Throughout the 1860s and '70s, these various military-style boots
continued to be copied in hundreds of variations, modified and sometimes
improved upon by the gone-to-Texas southerners, who also brought with
them the refined European cavalier-style ancestry of boot making, with
its higher heel and finer leathers. During these times, heel shapes and
boot heights varied greatly. Toes were usually of round or square
duck-bill shapes that might be as wide as three inches. Stitching on the
boot tops for support or decoration was actually fairly rare, and
wrinkles, toe bugs, or flowers stitched on the toe tops were unheard of.
By the 1880s, a more characteristic boot was
being developed with a four-piece construction and stovepipe top (which
means the front and back of the boot were the same height). Some simple
decorative stitch patterns were beginning to emerge, and the high heel
was becoming much more popular.
At the turn of this century, the cowboy boot
will be more than 150 years old. Has it changed much? Yes and no.

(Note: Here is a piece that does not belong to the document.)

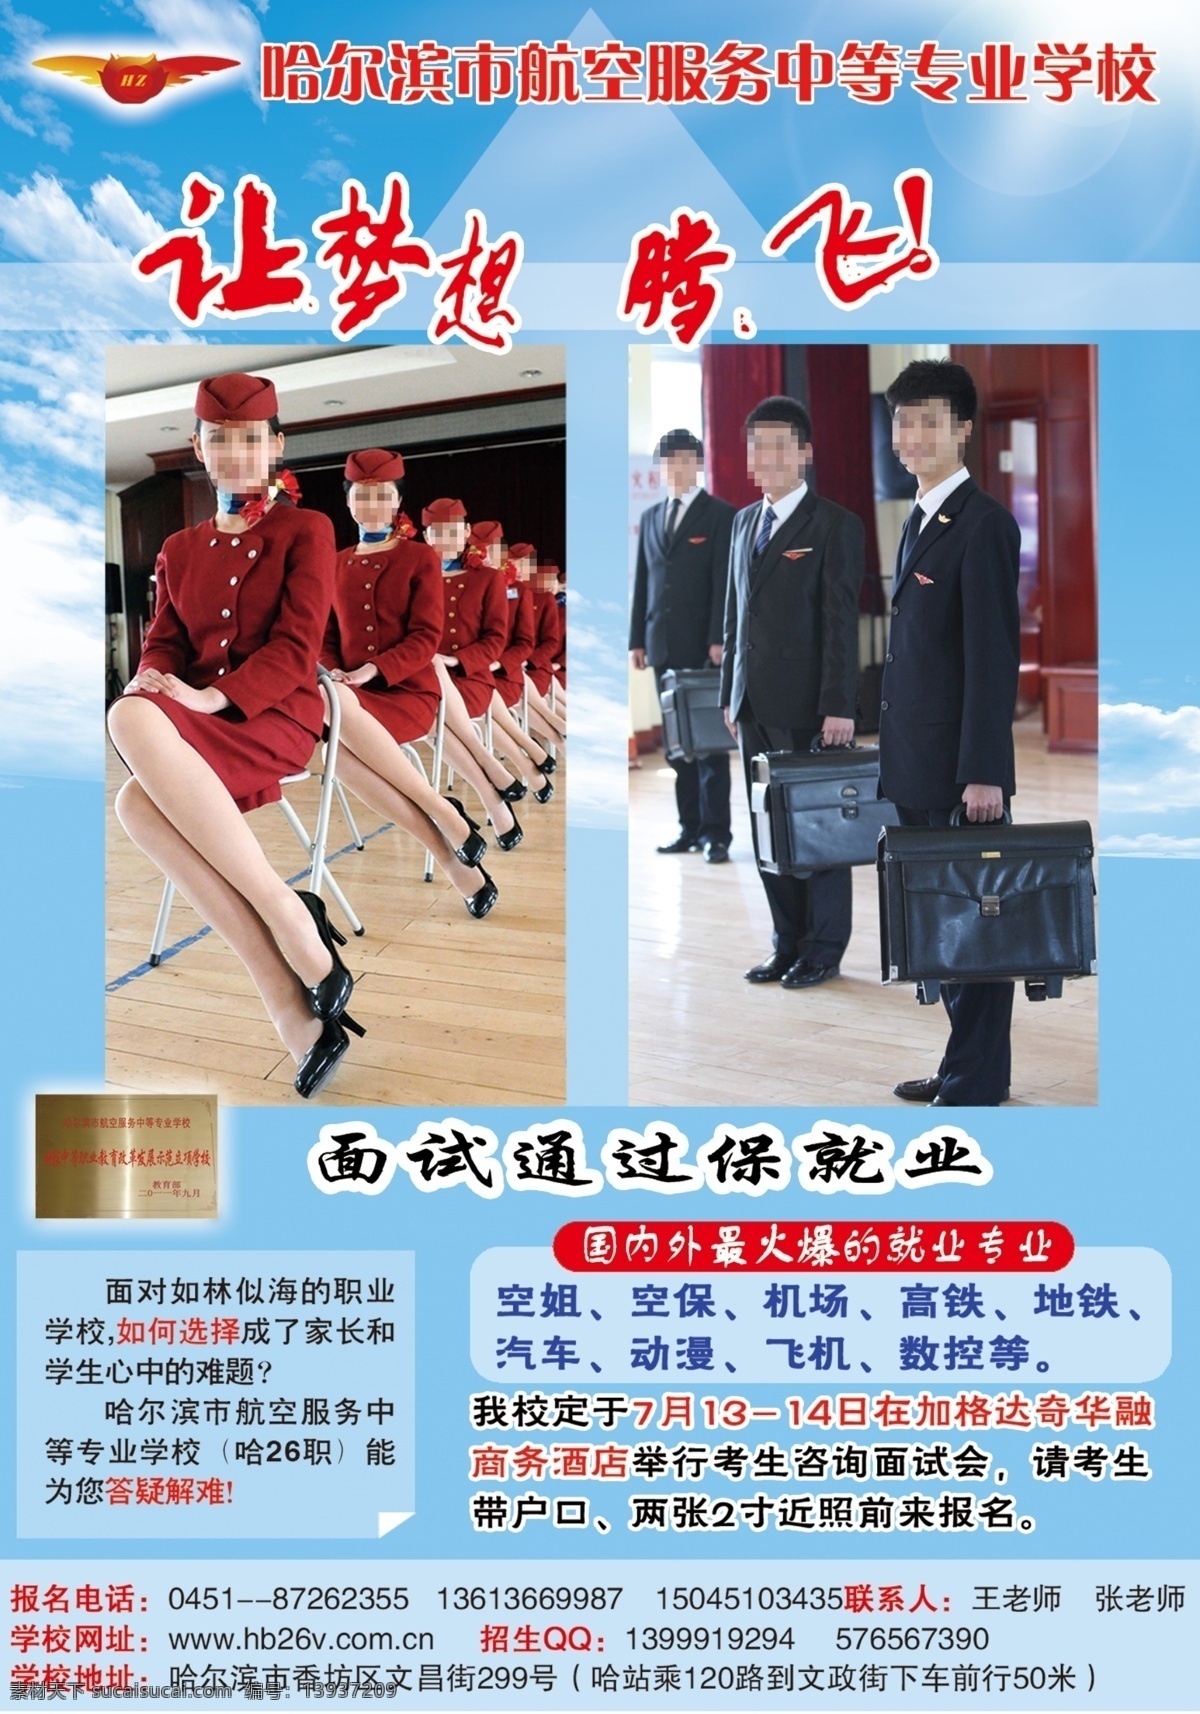 哈尔滨市 航空 学校 海报 蓝天 白云 标志 文字 空姐 男空乘图片 宣传单 广告设计模板 源文件
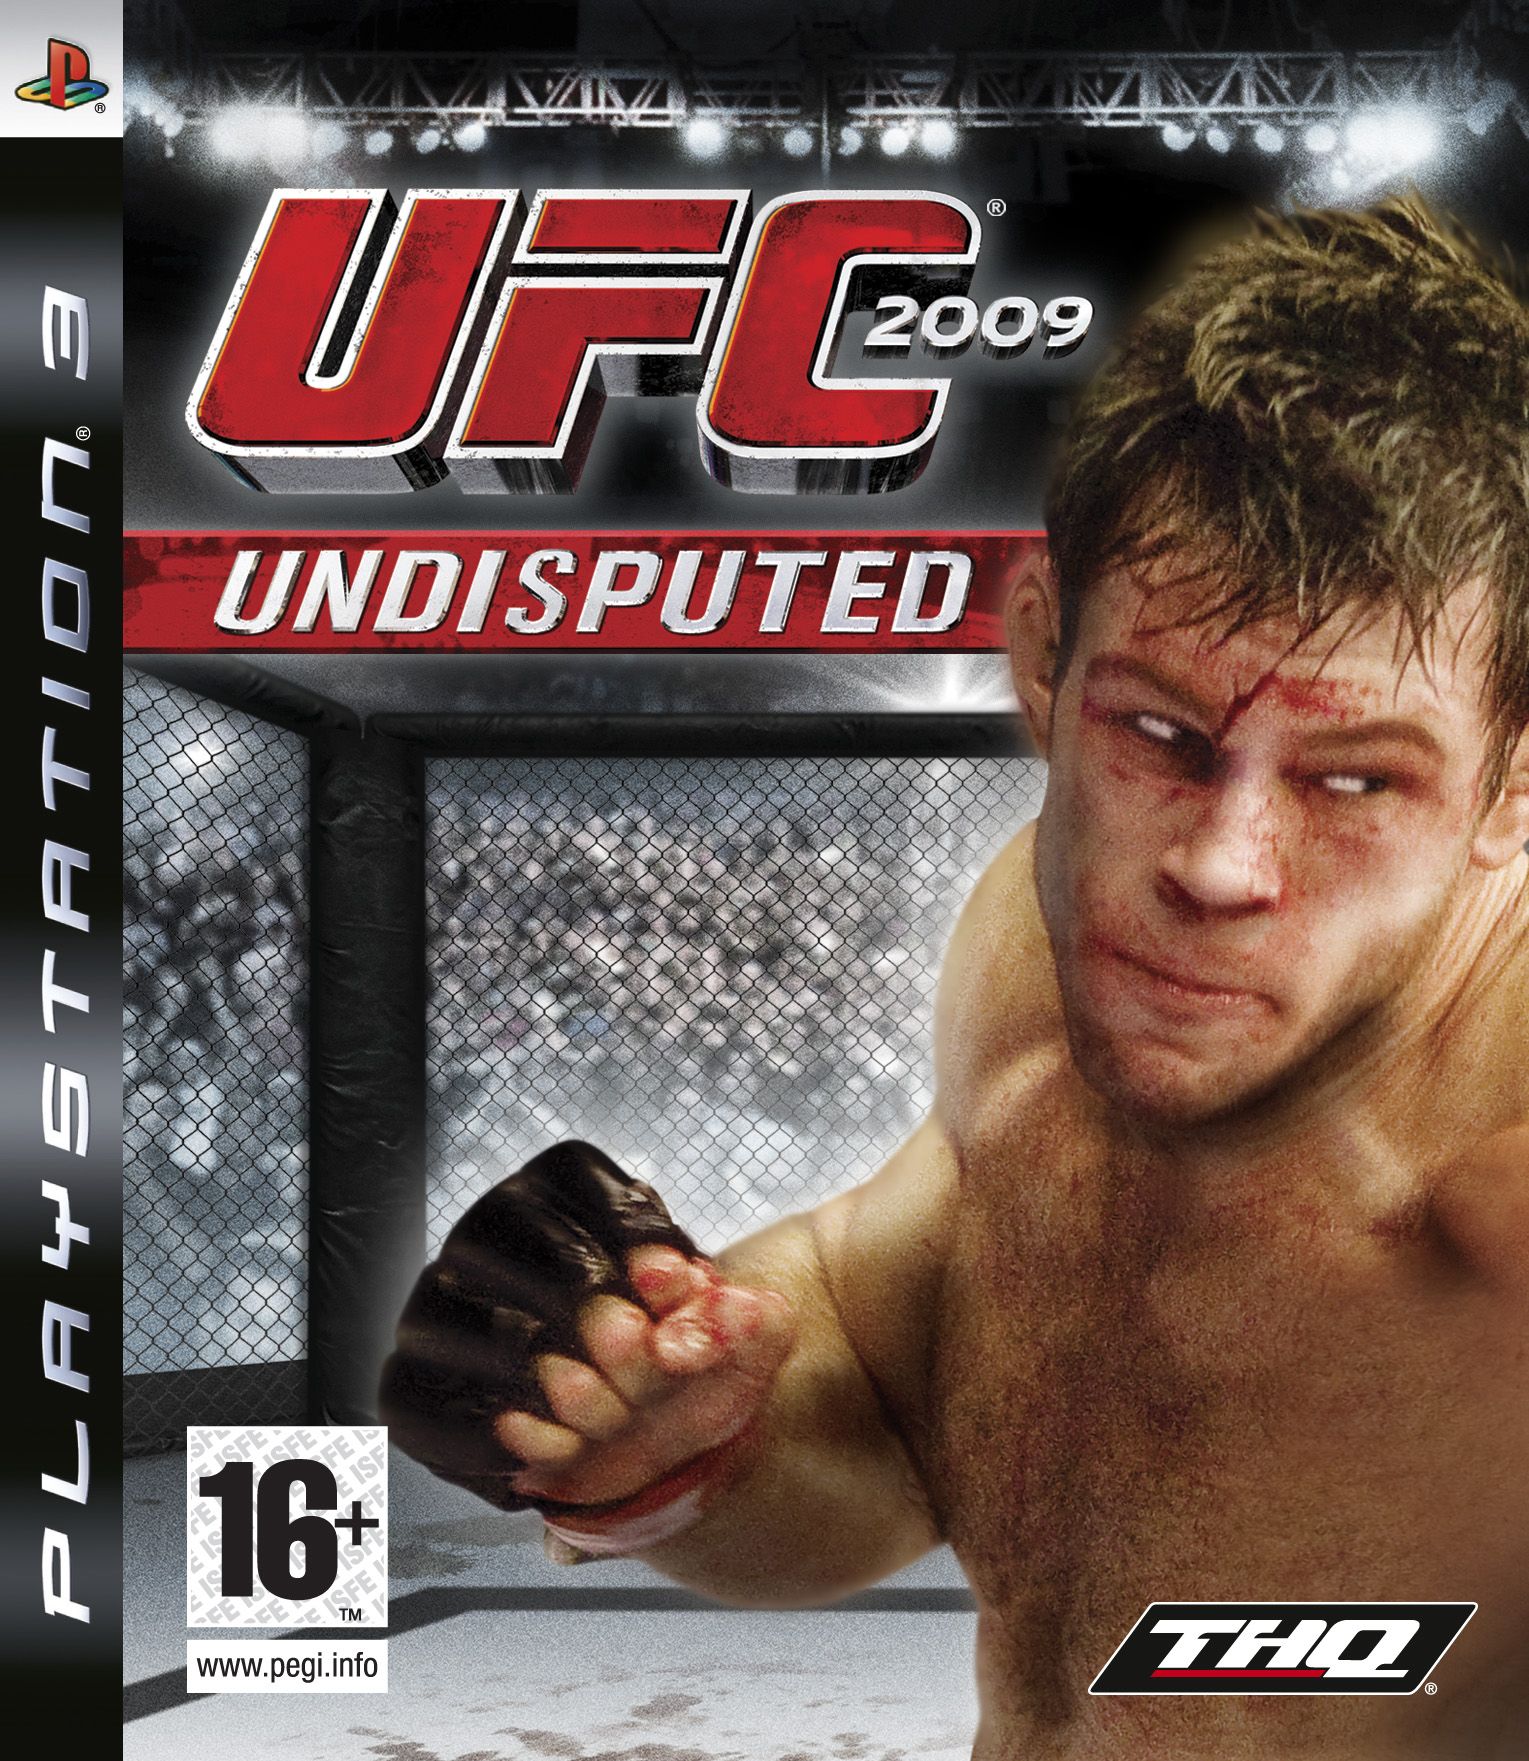 UFC 2009 - Undisputed

Recently, there has been a wave of interest in period boots of the
late-nineteenth century. Some makers are even fully pegging their soles
(no stitching). Requests for high tops, higher heels, angled Cuban
heels, no stitching up top, or a simple single row or two and a wide
variety of squared-off early toe styles has become something of a trend,
and it's not the old-timers making these requests, it's the young
cowboys. As in the late 1980s and early nineties, anything still goes.